Dernière mise à jour à 08h59 le 28/04
Créée par le chef de l'Etat en janvier en réponse à des troubles survenus deux mois auparavant dans les régions anglophones, le Nord-Ouest et le Sud-Ouest, la Commission nationale pour la promotion du bilinguisme et du multiculturalisme au Cameroun est opérationnelle depuis jeudi, suite à l'entrée en fonction de ses premiers dirigeants nommés en mars.
Le Cameroun a été secoué au cours des derniers mois par une vague de tensions provoquées par un mouvement d'humeur survenu fin novembre à Bamenda, dans le Nord-Ouest, et soldé par des violences meurtrières, à l'origine de nombreuses arrestations et des procès en justice contre leurs auteurs présumés.
Les instigateurs de cette manifestation, un collectif de syndicats d'enseignants anglophones, avaient justifié leur action qui s'était par la suite étendue à l'ensemble de la région du Nord-Ouest puis à celle du Sud-Ouest voisine, comme une expression de protestation contre leur marginalisation dans un système éducatif et institutionnel à dominante francophone.

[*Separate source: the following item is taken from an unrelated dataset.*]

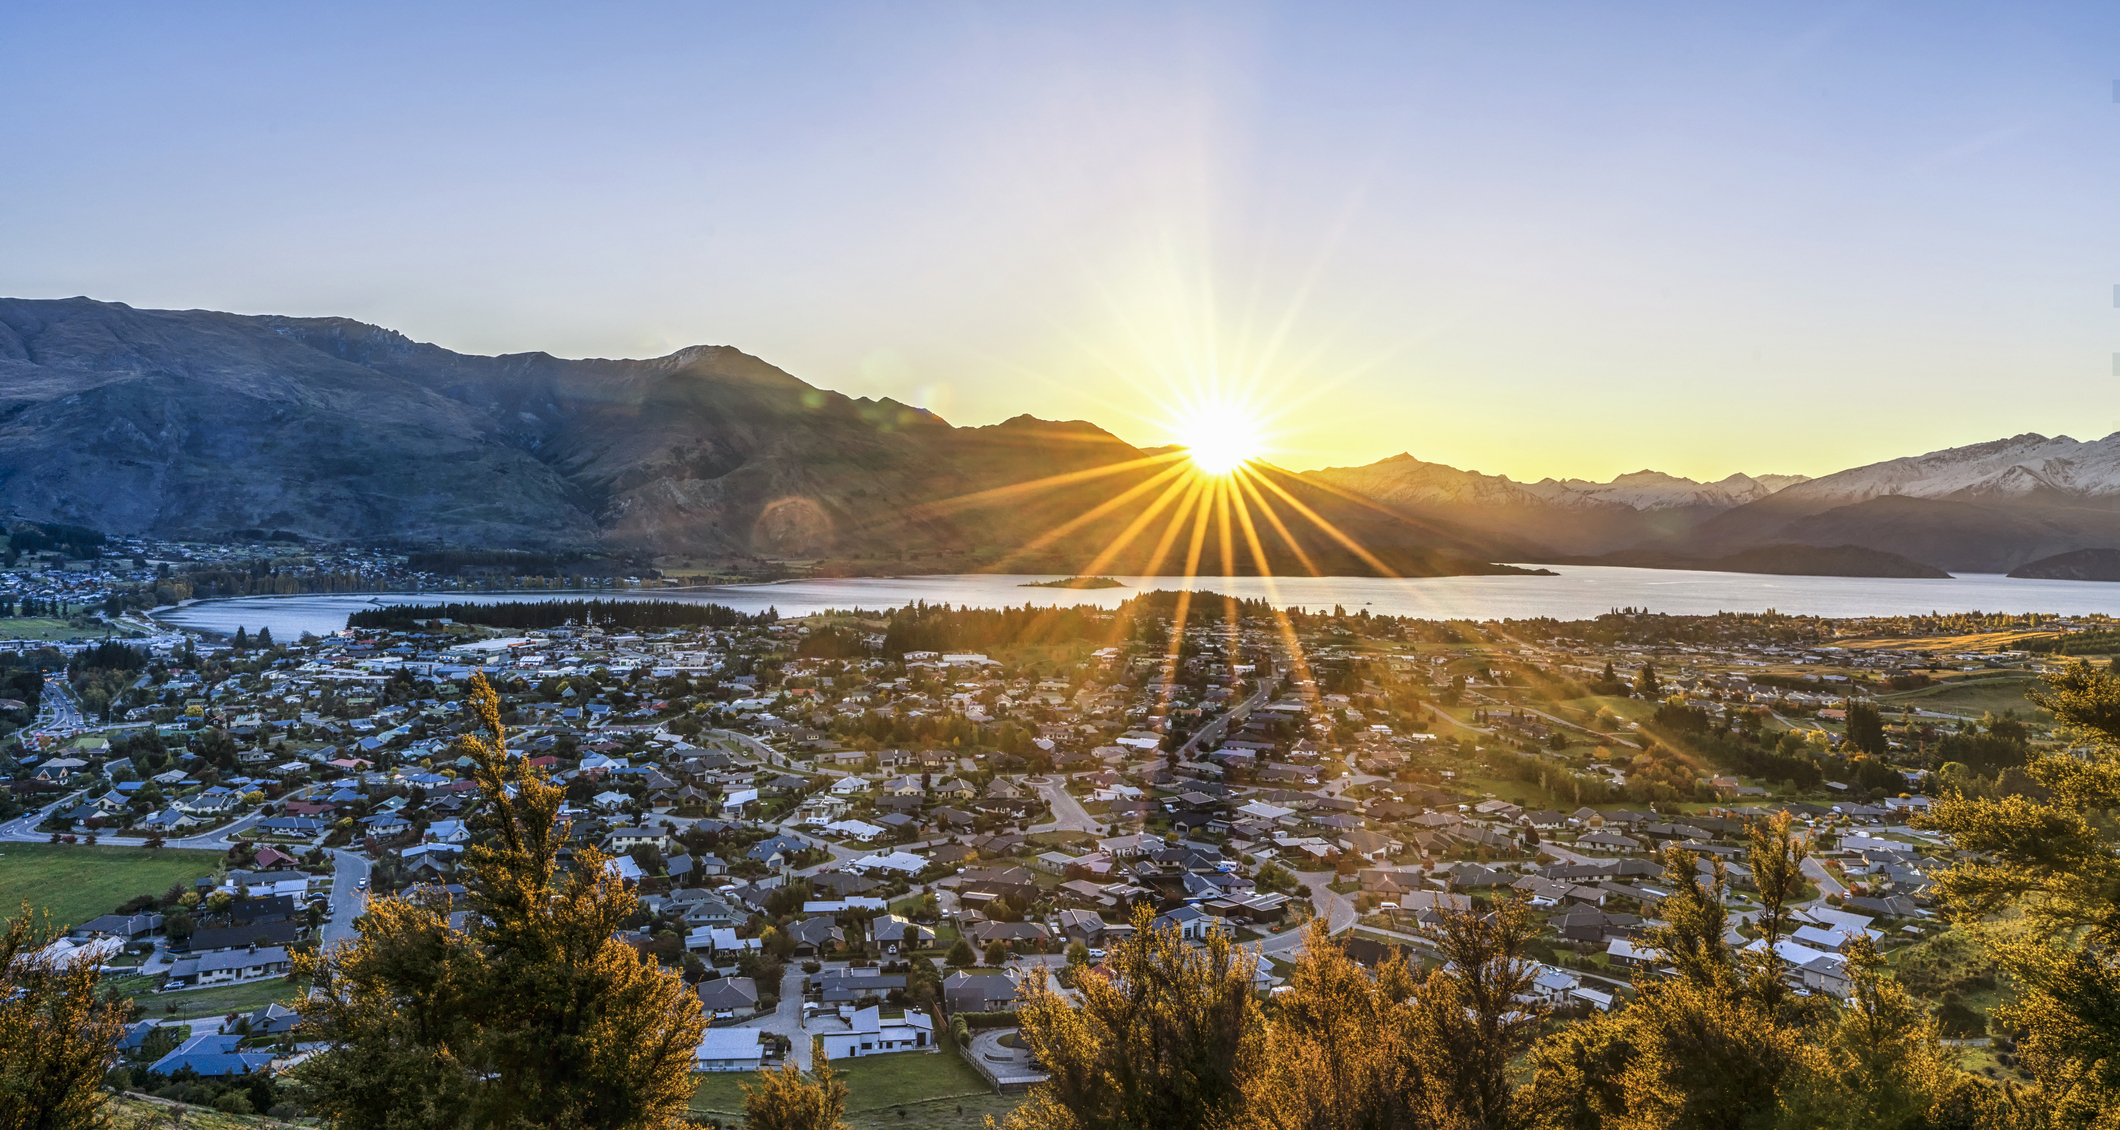 Building a sustainable future in Wanaka with LPG

La veille, une marche d'avocats avait aussi agité pour les mêmes motifs la ville de Bamenda, symbole de la lutte pour la démocratie au Cameroun en 1990 sous l'instigation de John Fru Ndi, le leader du Social Democratic Front (SDF) et principal opposant au régime du président Paul Biya.
Le gouvernement, après avoir ouvert avec les manifestants un dialogue ayant tardé à produire des résultats, continue encore de chercher une solution à cette crise, marquée par des journées villes mortes et qui a entraîné l'interruption de l'année scolaire et universitaire dans les deux régions.
La création le 23 janvier par le chef de l'Etat de la Commission nationale pour la promotion du bilinguisme et le multiculturalisme suivie de la nomination de ses premiers dirigeants le 15 mars est une mesure visant à apaiser ces tensions et à créer un climat de confiance entre la majorité francophone et la minorité anglophone, les deux blocs sociolinguistiques du pays.
Installant jeudi à Yaoundé l'ex-chef du gouvernement Peter Mafany Musongue, sénateur originaire du Sud-Ouest, comme président de cette institution avec son adjoint Oumarou Djika Saïdou et les treize autres commissaires, le Premier ministre Philemon Yang a salué un événement qui "ouvre de nouvelles perspectives pour la consolidation de notre vouloir vivre ensemble".
"Le vivre ensemble est fondé sur notre histoire commune faite de joies et de peines partagées", a déclaré M. Yang, qui a vanté les qualités des nouveaux responsables comme "quinze personnalités de profils divers ayant en partage le patriotisme et l'engagement pour les causes les plus nobles de notre nation".
L'équipe, qui comporte en son sein quatre femmes et trois anciens ministres (Ama Tutu Muna, Benjamin Itoe et David Abouem Tchoyi), a la charge d'œuvrer à la "promotion de notre diversité culturelle et de nos deux langues officielles, dans l'effet de renforcer l'unité nationale et l'intégration nationale", a-t-il précisé.
Dès son accession à l'indépendance en 1960, le Cameroun, une mosaïque de quelque 250 ethnies et langues maternelles selon les estimations, a adopté comme langues officielles le français et l'anglais, symbole de son double héritage colonial avec la France et la Grande-Bretagne. Depuis lors, les deux langues sont cependant restées diversement pratiquées d'une partie à l'autre du pays.
La valorisation des cultures et langues locales est désormais aussi un objectif recherché par les autorités, pour un meilleur ancrage du "vivre ensemble" prôné par le chef de l'Etat.